La fin des perturbations

« Tout a été fait, en tout cas l’essentiel, on arrive à la fin », annonce Joël Carreiras. S’il reste des travaux de voie ferrée et d’aménagements urbains jusqu’à fin septembre, il faudra aussi mettre en place la terre végétale et l’ensemencement, et notamment finir la piste cyclable sur Déodat de Séverac. Sur le secteur de Muret, l’ensemble des aménagements est terminé : « il reste quelques finitions ponctuelles comme des reprises de voiries etc. » Le Pont Saint-Michel est en bonne voie, comme ont pu le constater les Toulousains, avec la réalisation des quais de station et les travaux de renforcement du pont qui s’achèveront à la mise en service en décembre. « On est dans le calendrier prévu », indique-t-il. « Au-delà du respect des échéances, on est même en avance car la mise en service était initialement prévue en avril 2014 », raconte-t-il non fier d’évoquer le contentieux gagné au Conseil d’Etat (il opposait Tisséo aux riverains de l’Association pour un autre tracé, l’Apat), « si l’idée était de repousser sa mise en service, eh bien c’est raté ! » Prochaine échéance, très attendue : un premier roulage prévu le 17 octobre qui embrayera sur plusieurs marches à blanc pendant trois semaines à partir du 6 décembre. A ce jour, « on n’est pas encore sur de la circulation normale car un chantier c’est toujours perturbant mais en matière de restriction de circulation, c’est fini ! » Un projet et des travaux qui auront fait couler beaucoup d’encre.
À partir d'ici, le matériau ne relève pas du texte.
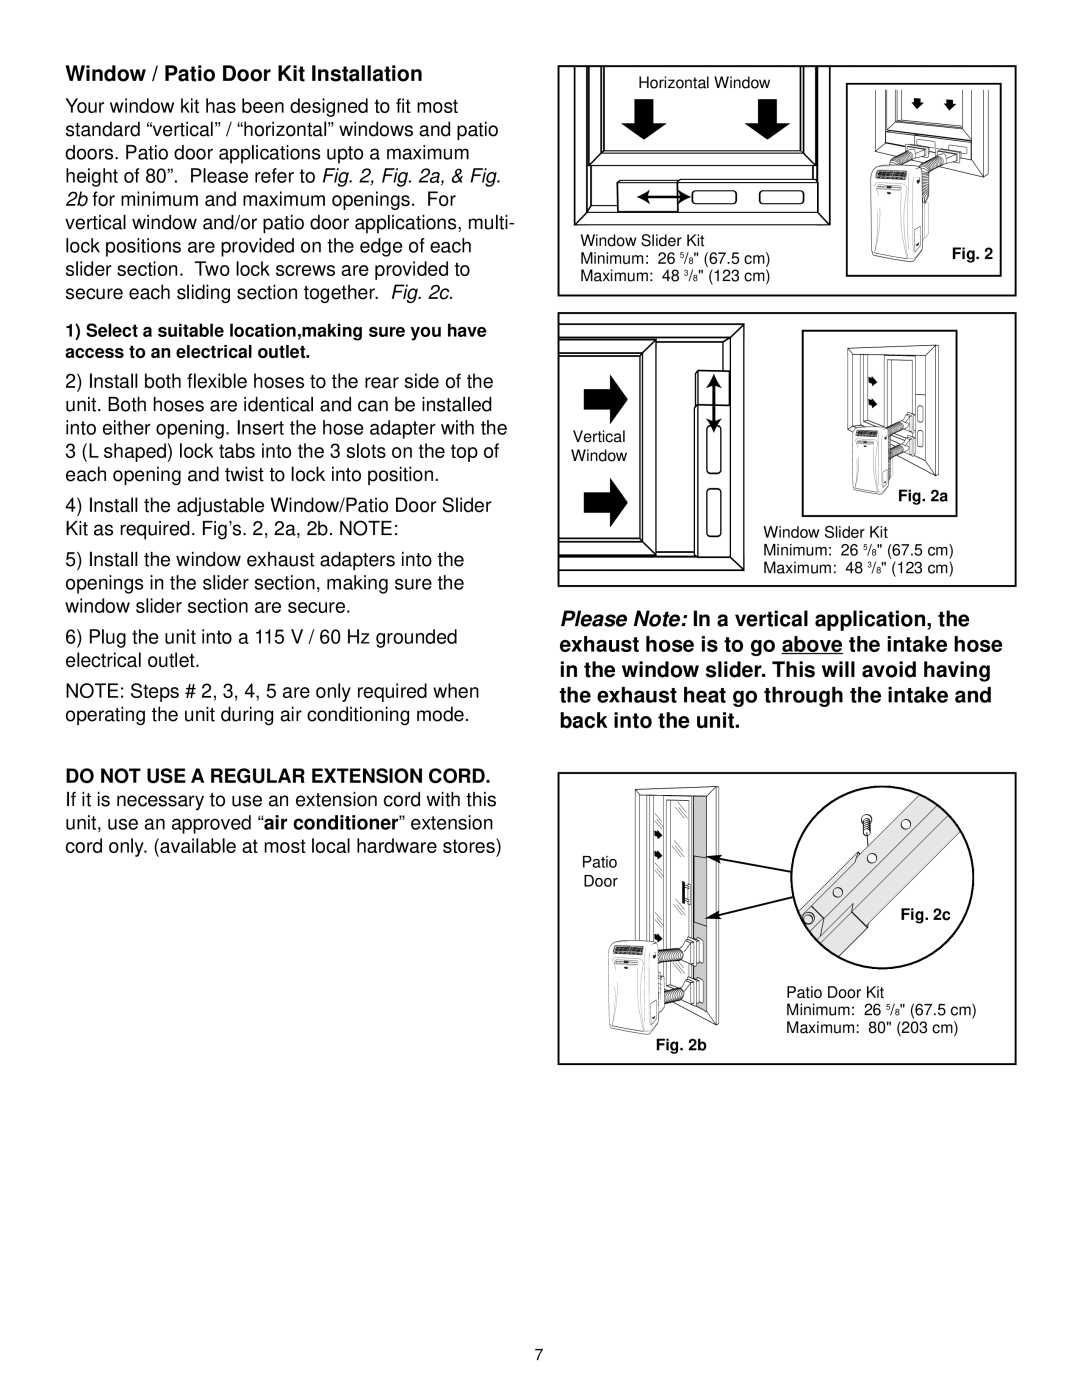 Danby DPAC10030 manual Window / Patio Door Kit Installation

Encore récemment les plaintes des riverains se comptaient par centaines : « Mais une fois que les gens voient les rails, dès qu’ils comprennent le sens des travaux, ils les acceptent

1,7 million versé aux commerçants

Il faut dire que pour l’occasion, des indemnités ont été versées aux commerçants de manière innovante : « Une commission -présidée par un magistrat désigné par le tribunal administratif- statue -sur expertise- quant à l’impact des travaux liés au tramway sur le chiffre d’affaires des commerçants alentours. » La nouveauté ? Un système qui permet d’indemniser, par avance mensuelle, en attendant la décision finale de la commission. « Ce système aura permis de faire passer la phase de chantier, car l’objectif n’est surtout pas de tuer les commerces », ajoute Joël Carreiras, « je constate par ailleurs que dans les autres grandes villes, sur tout le linéaire du tramway, les commerces vont très bien ! » Durant ces travaux, quelques surprises néanmoins que le chantier aura su palier, ainsi le renforcement du Pont Saint Michel : « des aléas normaux, qui n’ont pas généré de surcoût. » L’enveloppe globale avoisinant les 115 millions d’euros au total. Et si le calendrier a su être respecté malgré les retards imputables à tous les chantiers, c’est qu’une technique innovante a été utilisée pour la pose des rails : « nous n’avons pas procédé de la même manière que pour la ligne T1, avec ce système de pose, nous avons gagné trois mois. » Autre nouveauté liée au chantier du tramway : « 60 000 heures ont été effectuées par du personnel en insertion ».

Aurélie Renne

En chiffres

La ligne Garonne c’est :

6 stations

200 places/rame

20km/h de vitesse moyenne

500 mètres entre chaque station

Amplitude horaire 5h15-minuit 30 (1h30 le samedi) (Toulouse est la ville où le réseau ferme le plus tard après Paris)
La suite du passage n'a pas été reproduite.